◆ DIRECTIONS ◆
Take the listing below and print exactly the lines starting at the line containing "Simple But Beautiful" and ending at the line containing "Ford fusion mk5", both ends included, and no others.

◆ DATA EXCERPTS ◆
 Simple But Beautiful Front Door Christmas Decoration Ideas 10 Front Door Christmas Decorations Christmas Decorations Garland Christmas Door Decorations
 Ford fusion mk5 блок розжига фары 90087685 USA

* * *

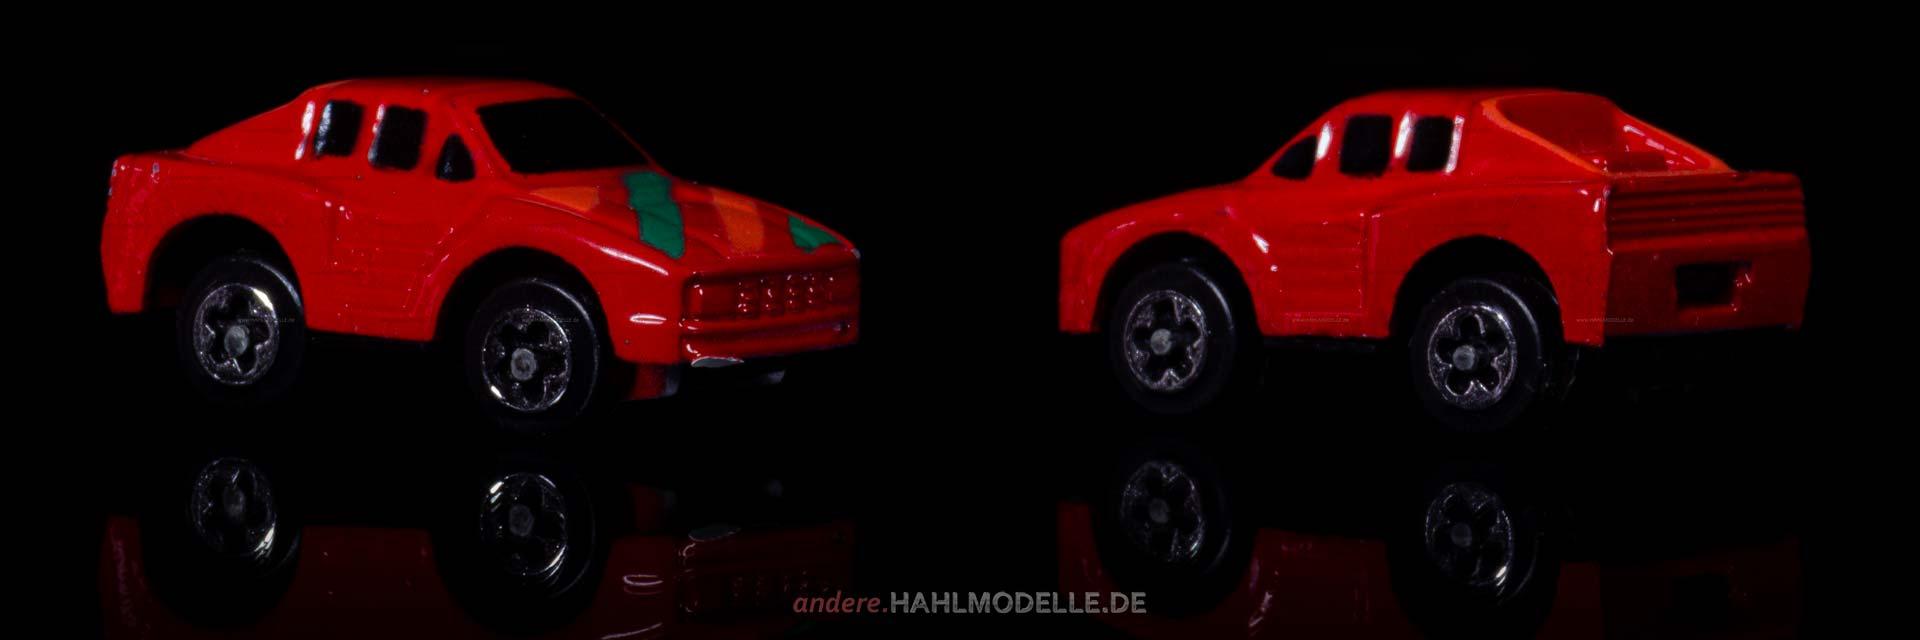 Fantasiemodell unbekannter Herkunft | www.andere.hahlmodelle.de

◆ WRITTEN ANSWER ◆
 Simple But Beautiful Front Door Christmas Decoration Ideas 10 Front Door Christmas Decorations Christmas Decorations Garland Christmas Door Decorations
 Ford fusion mk5 блок розжига фары 90087685 USA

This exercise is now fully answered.